Data standards describe the expected meaning and acceptable representation of data for use within a defined context. The need for consistency of meaning is vital to facilitate information sharing among users of the data.

Take the case of Information Systems in the government. Organizations all across the government have developed various Information Systems to perform different tasks. These Information Systems do serve the internal needs of these organizations but also houses data which can be of use to many other organizations as well, if shared. However, historically, the ways in which these Information Systems have been developed, had no plans to inter-operate - the ability of Information Systems to exchange information and to use the information that has been exchanged - with other Information Systems, and therefore adopted independent approaches including independent naming conventions for the data fields - one of the common practices, through which 'things' are defined/denoted in Information Systems.

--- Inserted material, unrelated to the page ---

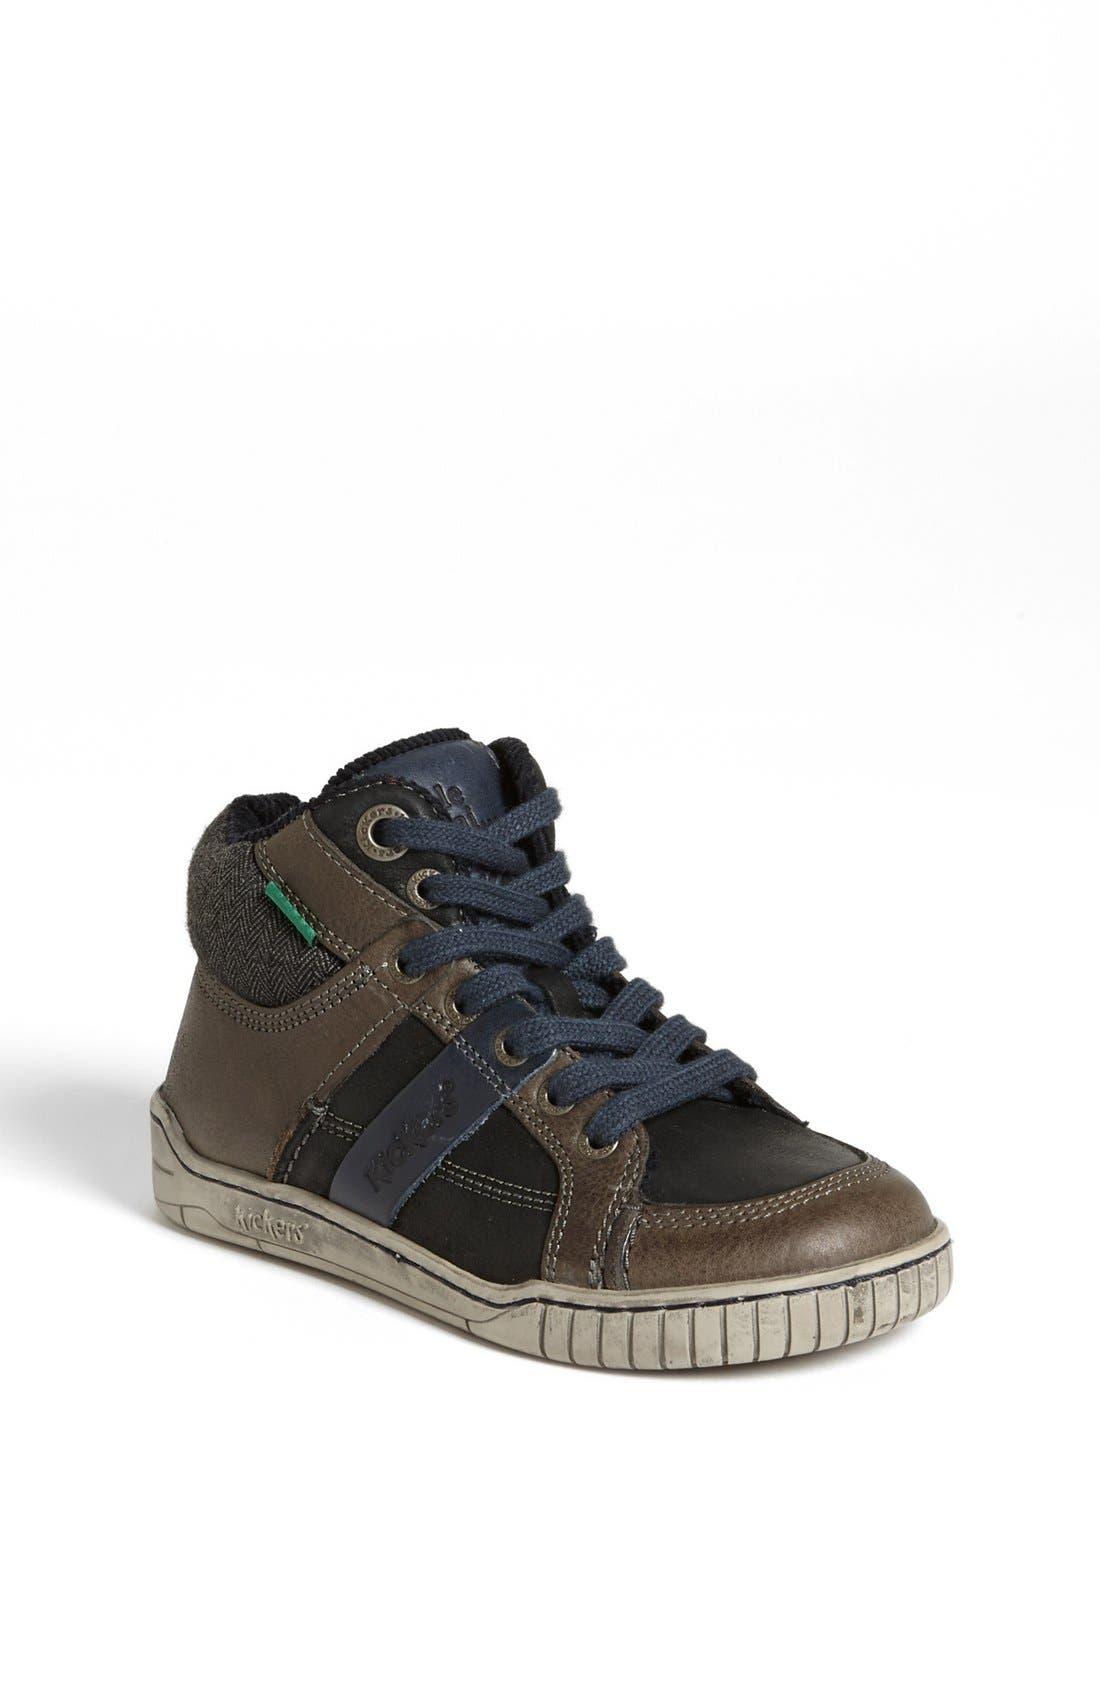 Main Image - Kickers 'Wincut' Sneaker (Toddler, Little Kid & Big Kid)

For example, assuming that the term 'address' is meant the same by all Information Systems, it could still be denoted as 'add' in one system, as 'adr' in another and as 'addr' in yet another. Now, if at all these two or three systems attempt to share or exchange data among themselves, it can not happen until and unless there is a common reference vocabulary available to all which establishes what is 'address' and how it is represented (lets say, format) and subsequently based on this information, individual Information Systems map, 'add' to 'address', 'adr' to 'address' and 'addr' to 'address' respectively and that the mapping is also shared with the systems with which data is indented to be shared before actually sharing the data.

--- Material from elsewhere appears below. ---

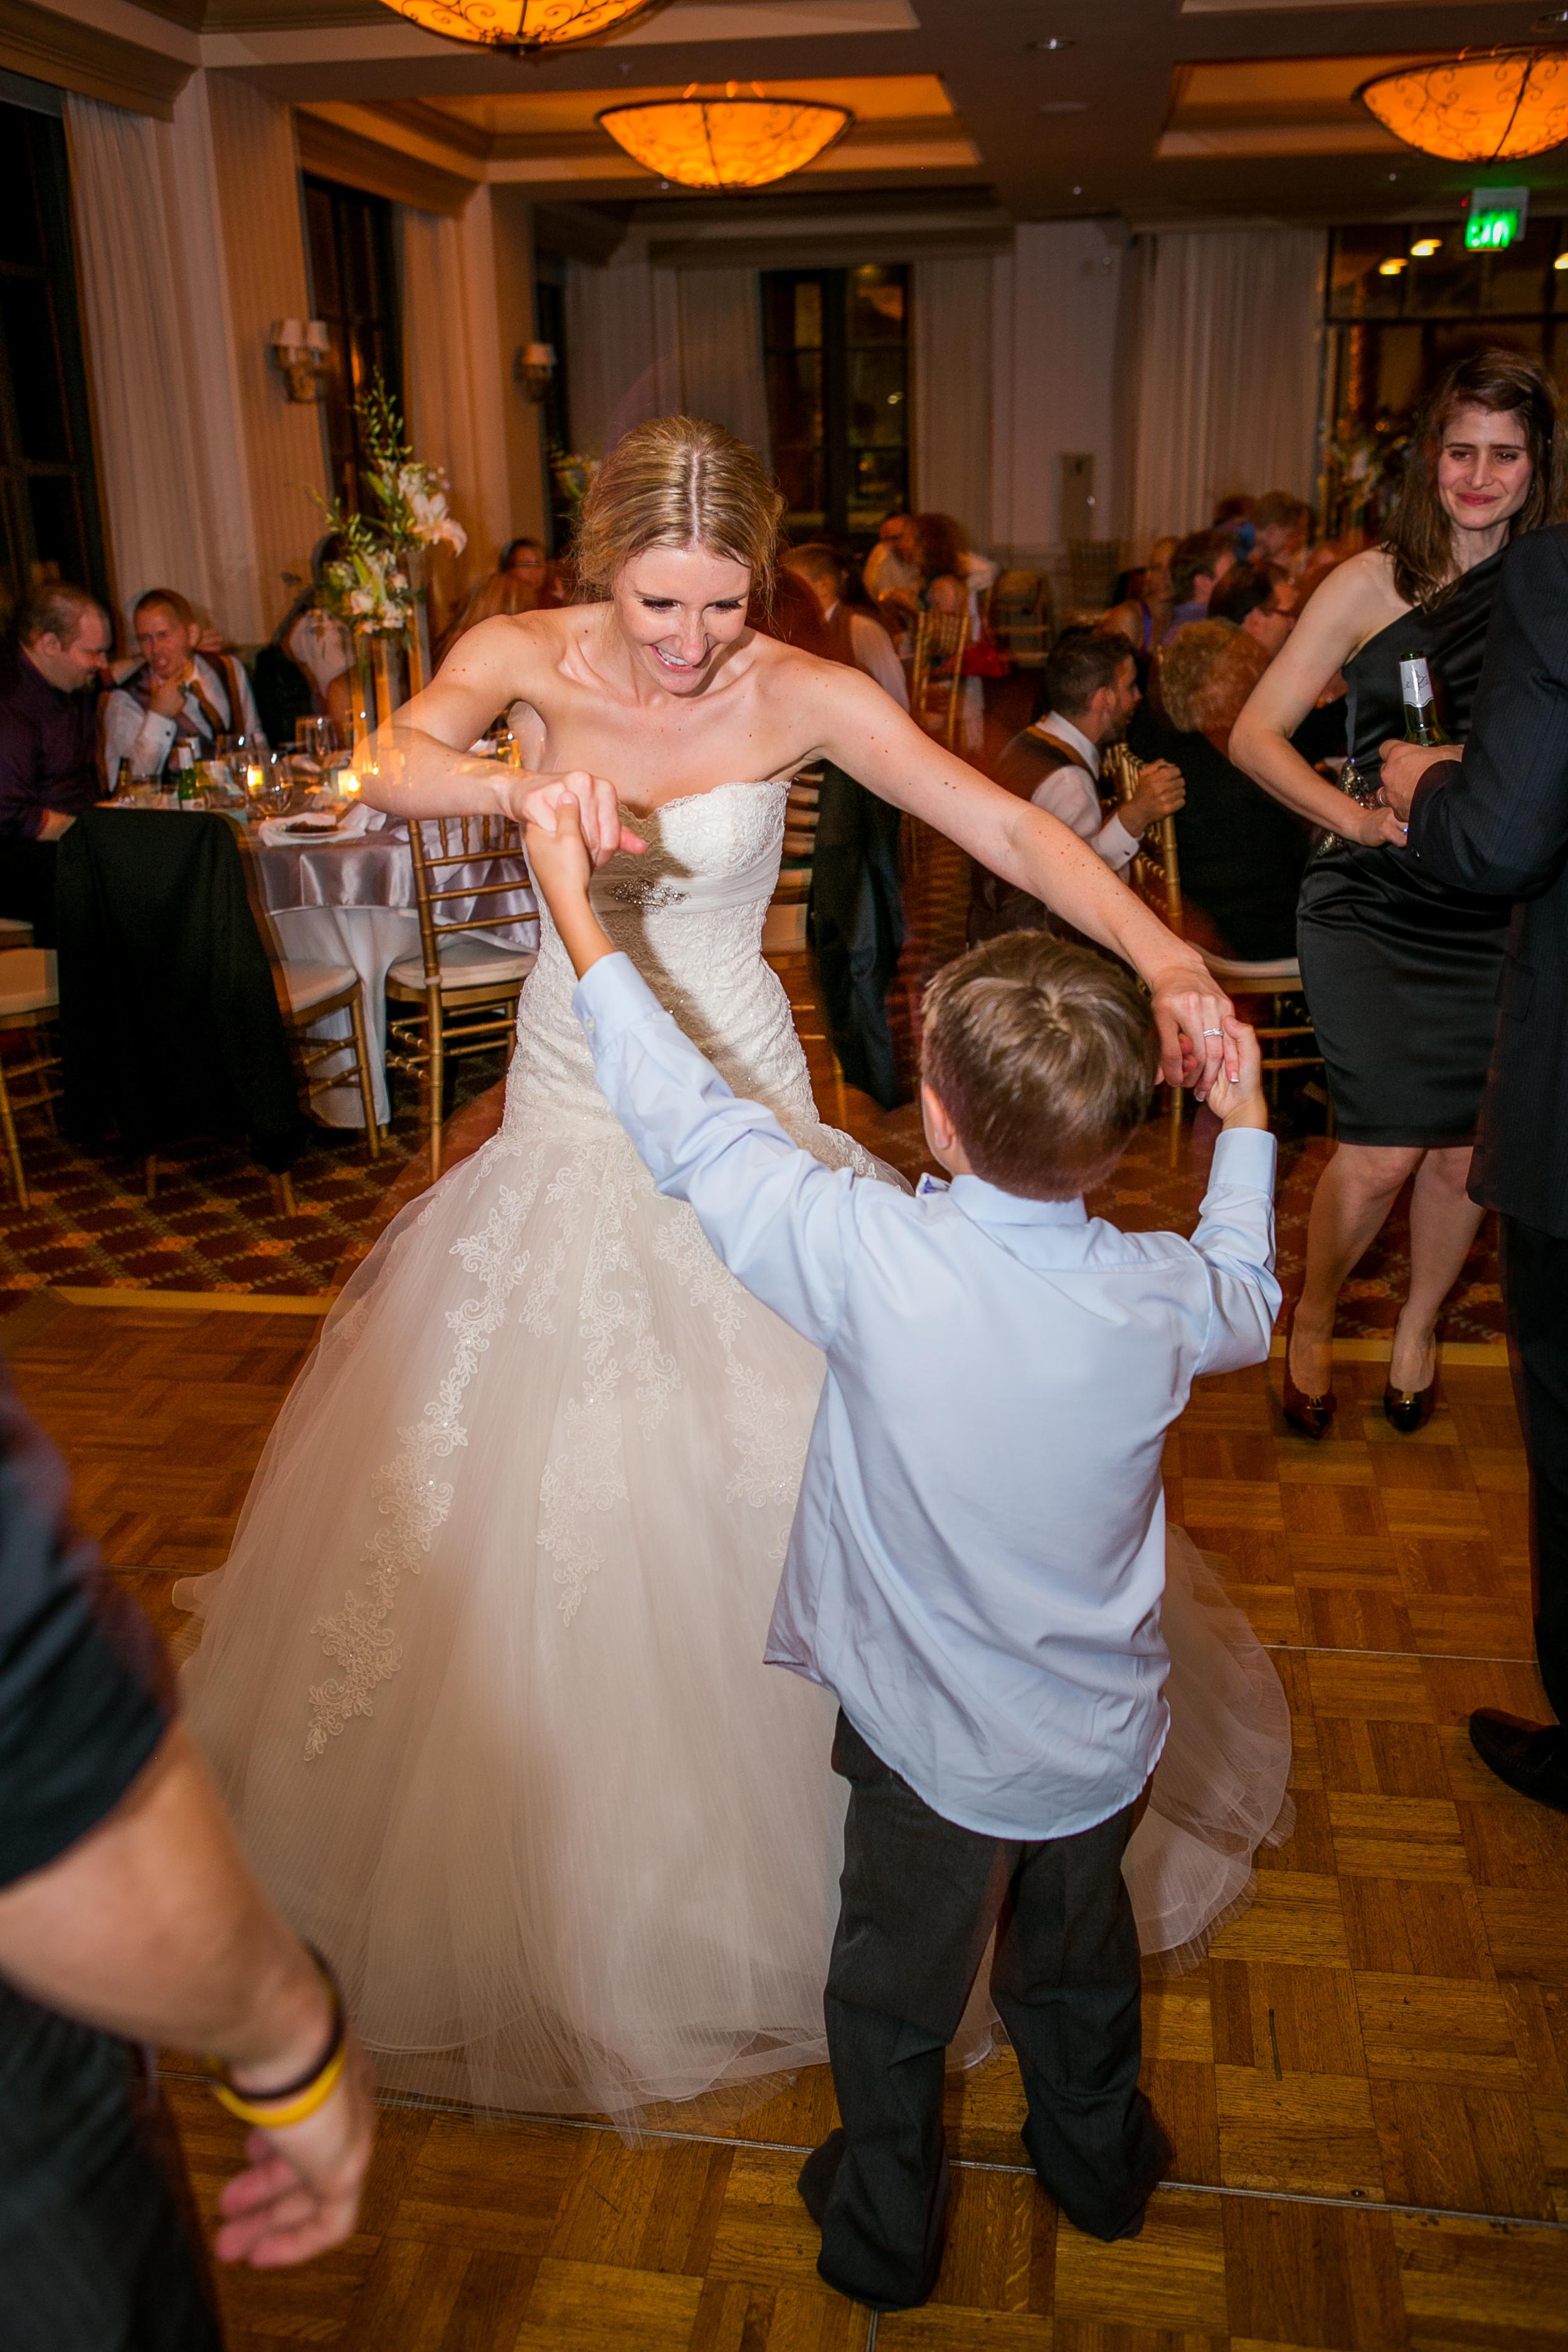 wording wedding invitations for no kids

The LIFe provides this common reference vocabulary under its 'Data standards' section. Note that it does not forces any one to use 'address' for the field indented for denoting an address. However if data exchange is expected to happen, then two things are prerequisite. First, the meaning should be consistent all across and second, a 'mapping' connecting native labels (such as 'add' or 'adr' or 'addr') to the labels from the common reference vocabulary (such as 'address') must also be specified, for other Information Systems to understand and reciprocate (please see the image above).

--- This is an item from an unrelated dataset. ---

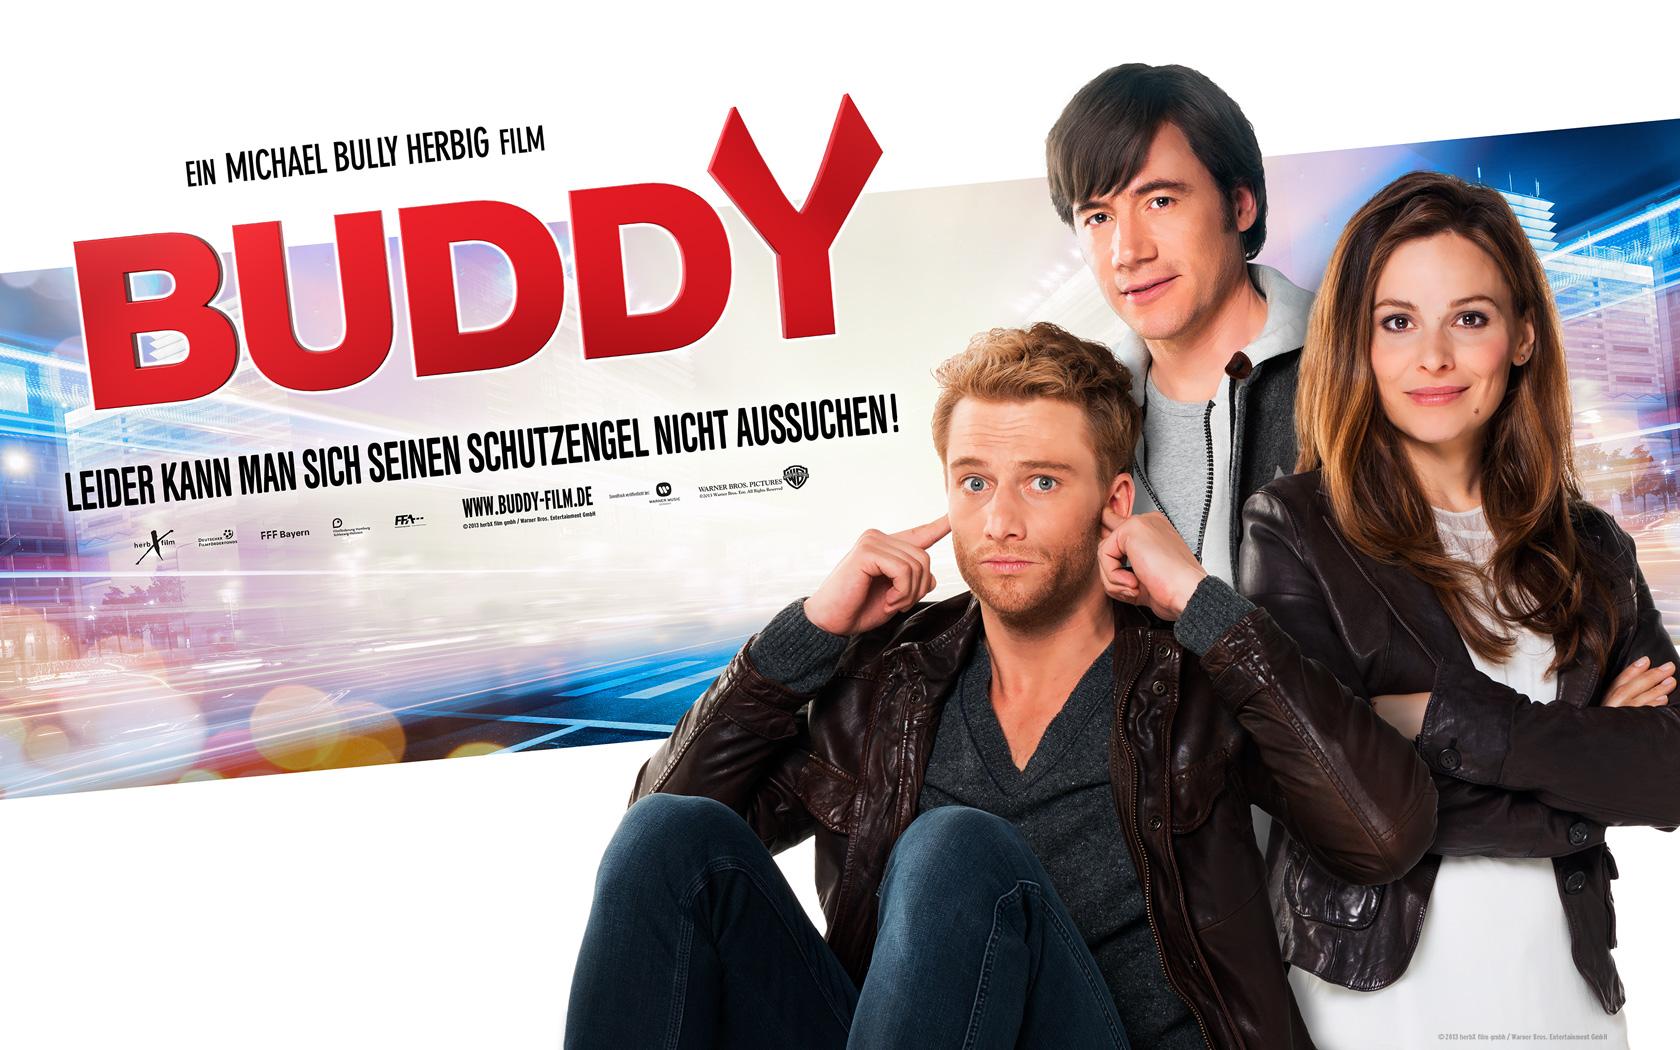 Buddy 2013

Had it been a manual system (paper based, for example) it would have been sufficient to just say that, 'the place where a person lives is to be called address (meaning) and it is spelled as 'address' (representation). However, since we are talking about information systems here, there are other areas of semantics as well which, if specified and shared, can further enhance the ease of data exchange. The other areas of semantics may include: context, conditions, and validity etc.

In the LIFe, the data standards, include the common reference vocabulary and other areas of semantics as well, to ensure that the terms exchanged between Information Systems and their components are unambiguously defined and represented in appropriate context.

While the data standards are currently aggregated based on specific Information Domains and keeping in view the 'generality' of data elements, attempts will be made simultaneously to create ad-hoc data standards as and when required. This will facilitate submission of proposals for data standards by project teams developing information systems in government or from working groups of specific Information Domains (to be constituted) -[candidate data standards].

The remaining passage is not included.